BRIEF: Would you please transcribe the listing exactly, with no images?

AVAILABLE DATA:
§ §

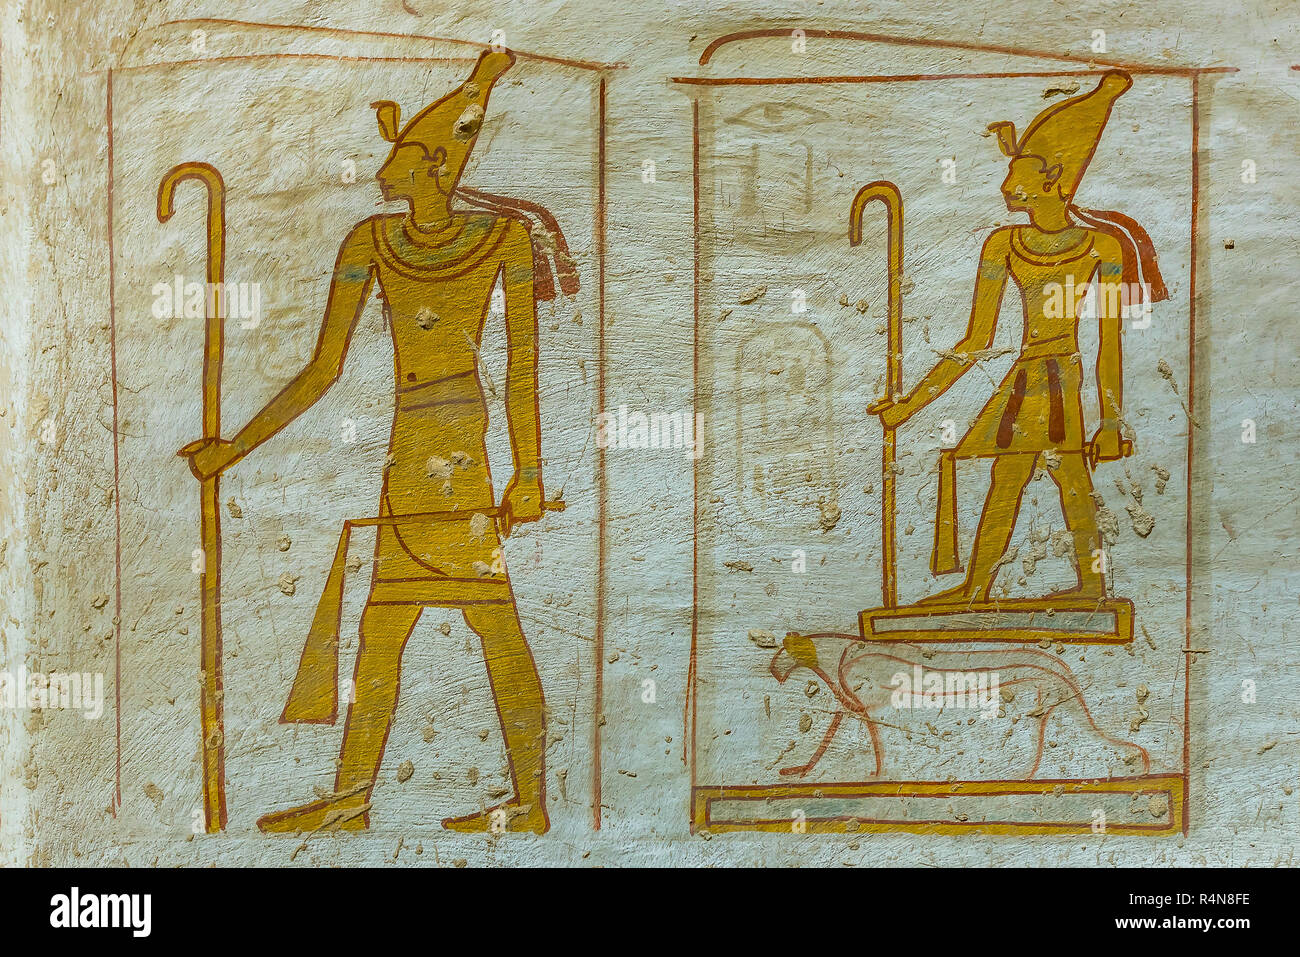 Wallpainting of the egyptian god Osiris in the valley of the kings, KV 14 tomb of Seti II, Luxor, Egypt, October 21, 2018 Stock Photo
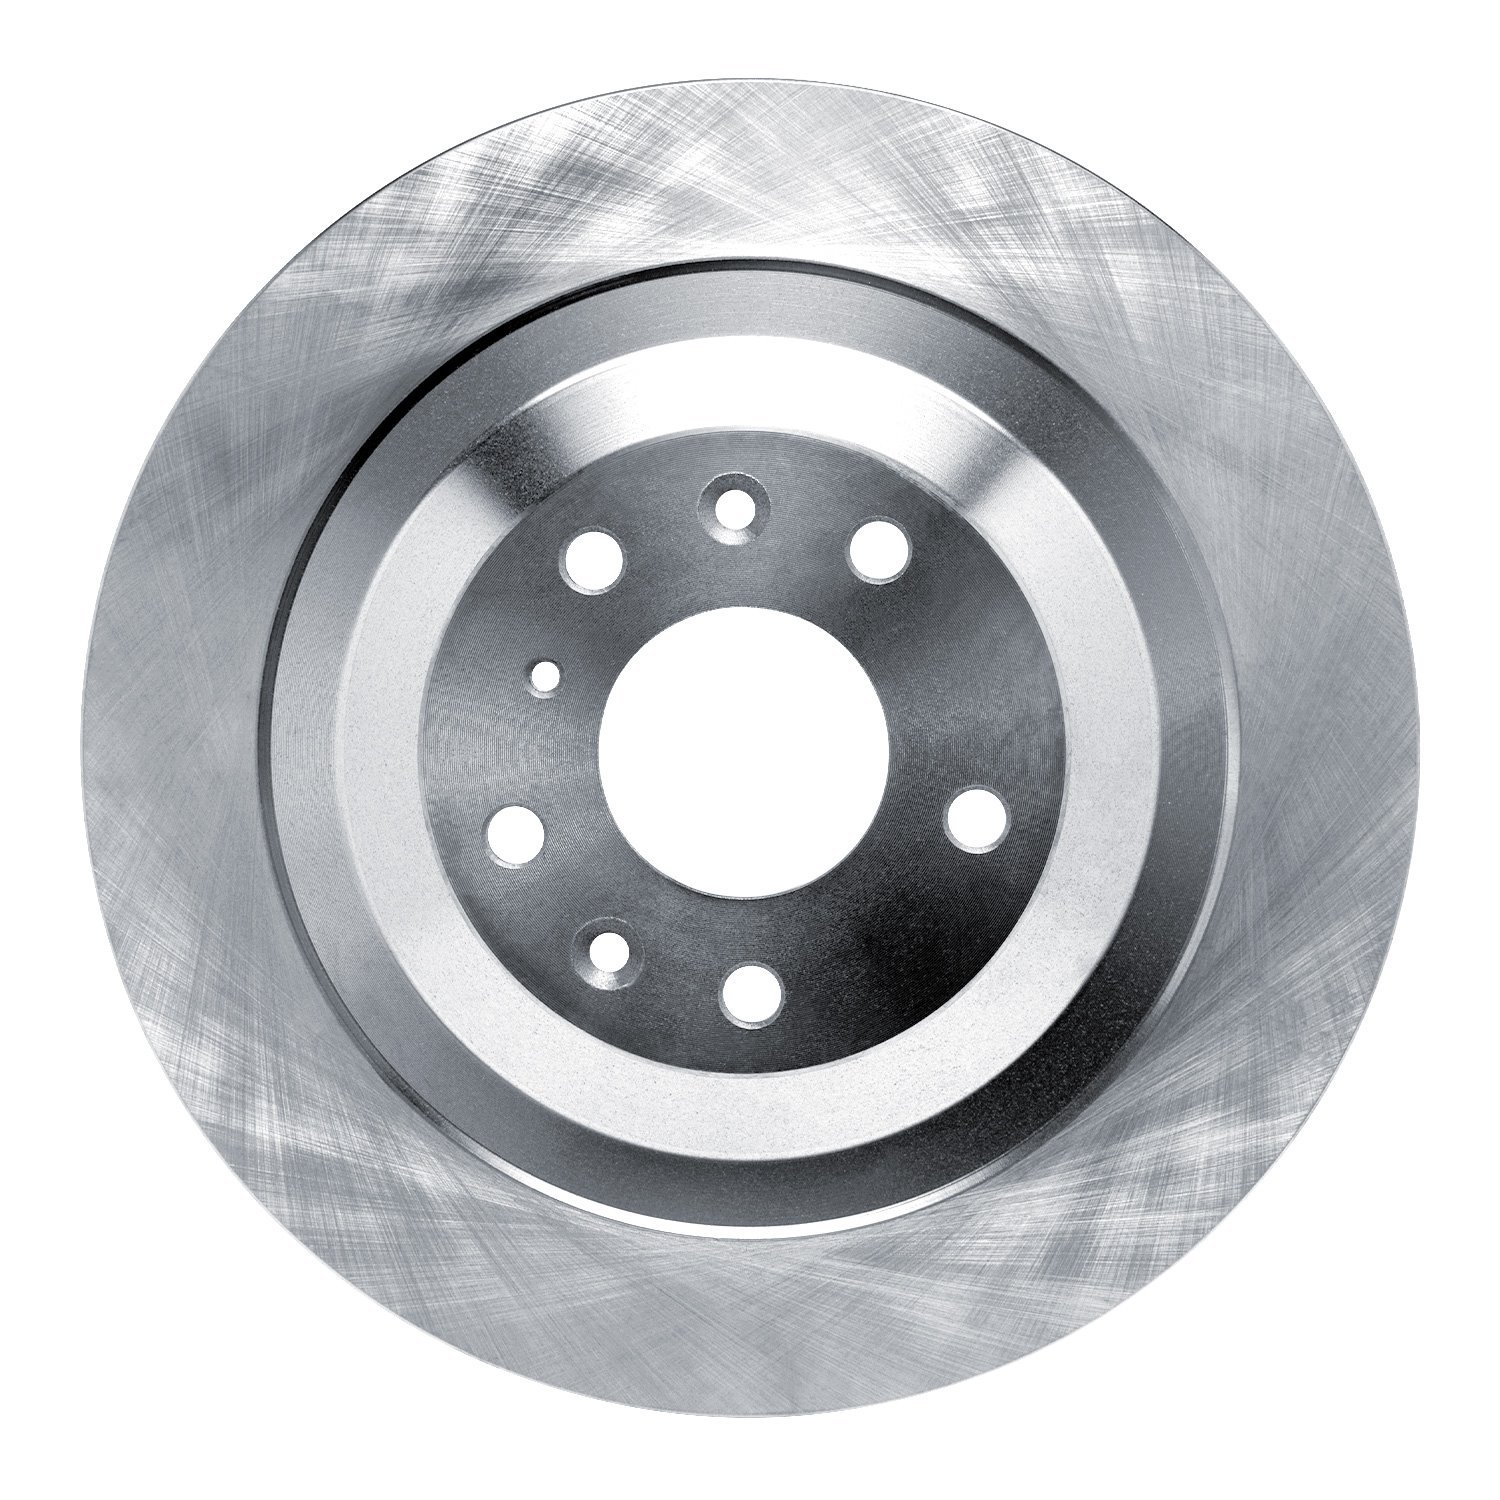 600-80085 Brake Rotor, Fits Select Ford/Lincoln/Mercury/Mazda, Position: Rear
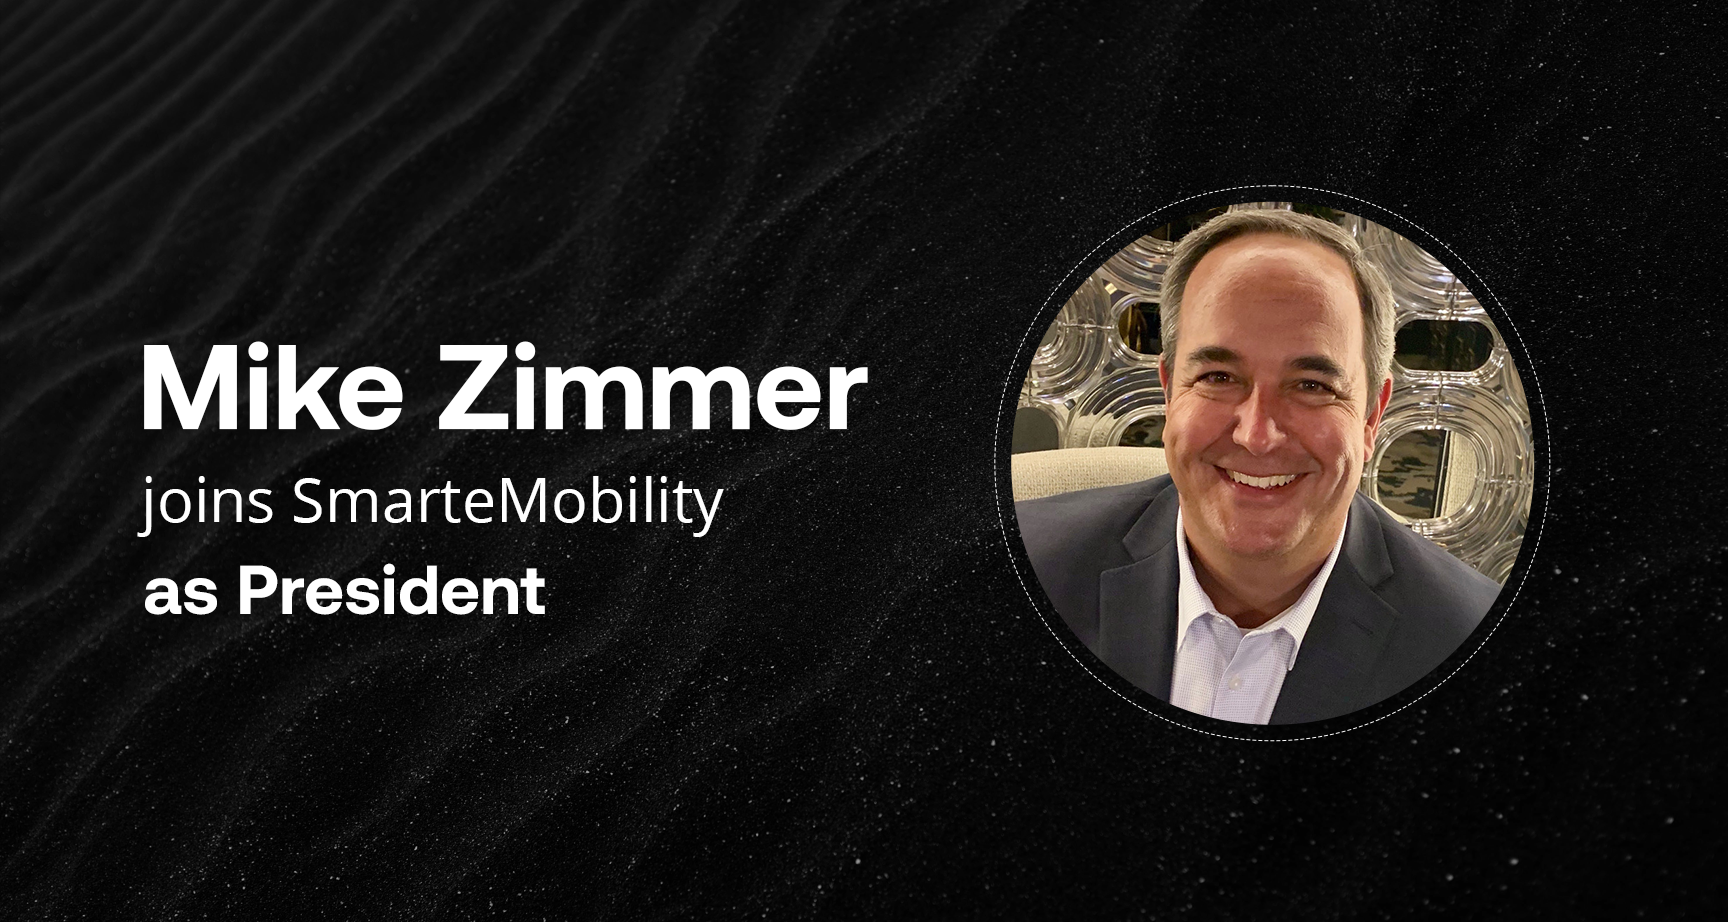 Mike Zimmer Joins SmarteMobility as President
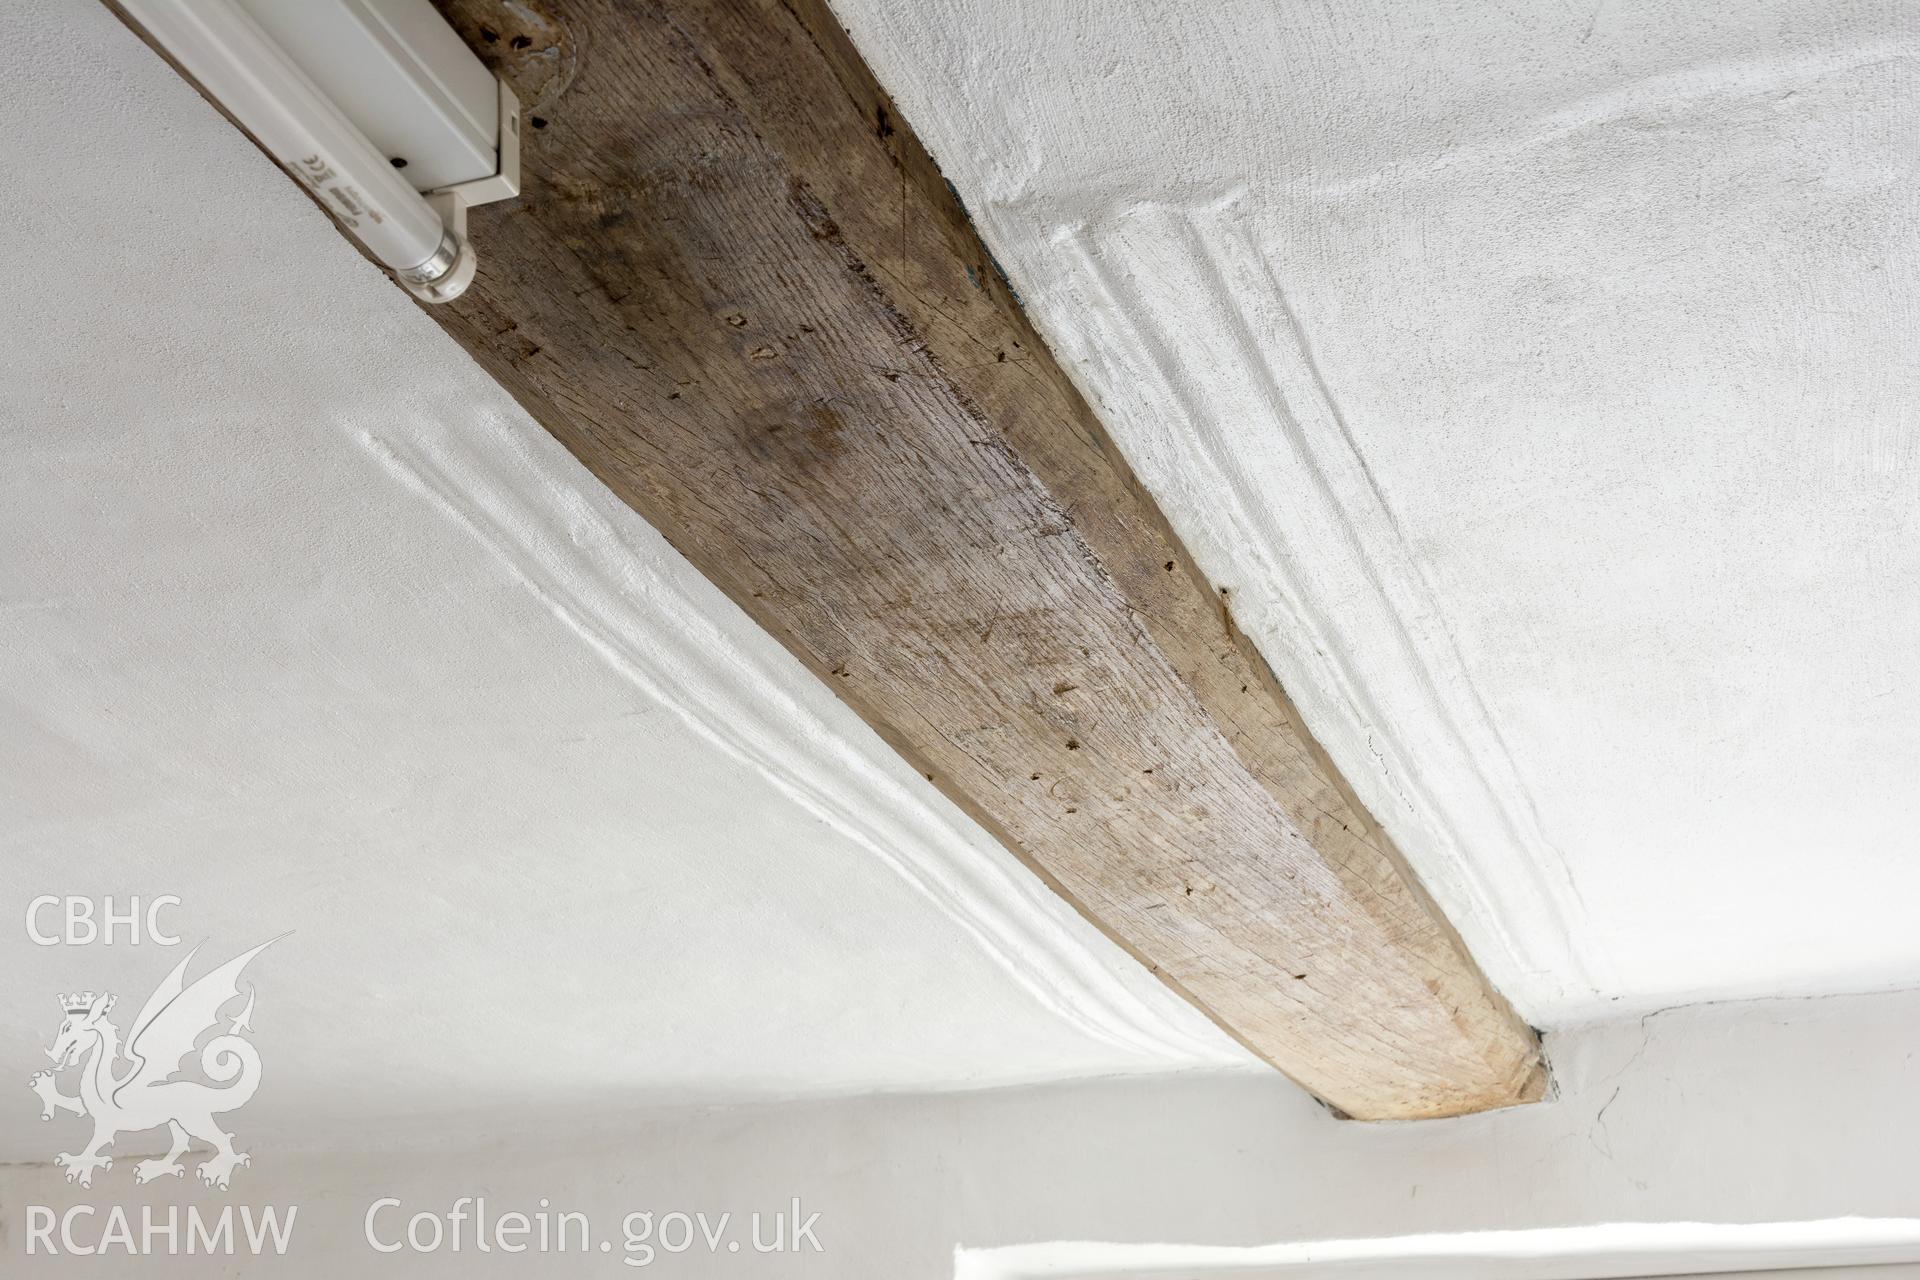 Interior view of chapel  wing: first-floor  ogee-stopped beam and ceiling moulding, taken by Martin Crampin for RCAHMW 21st March 2017.

§ §

WORKED SOLUTION:
 Wallpainting of the egyptian god Osiris in the valley of the kings, KV 14 tomb of Seti II, Luxor, Egypt, October 21, 2018 Stock Photo
 600-80085 Brake Rotor, Fits Select Ford/Lincoln/Mercury/Mazda, Position: Rear
 Mike Zimmer Joins SmarteMobility as President
 Interior view of chapel  wing: first-floor  ogee-stopped beam and ceiling moulding, taken by Martin Crampin for RCAHMW 21st March 2017.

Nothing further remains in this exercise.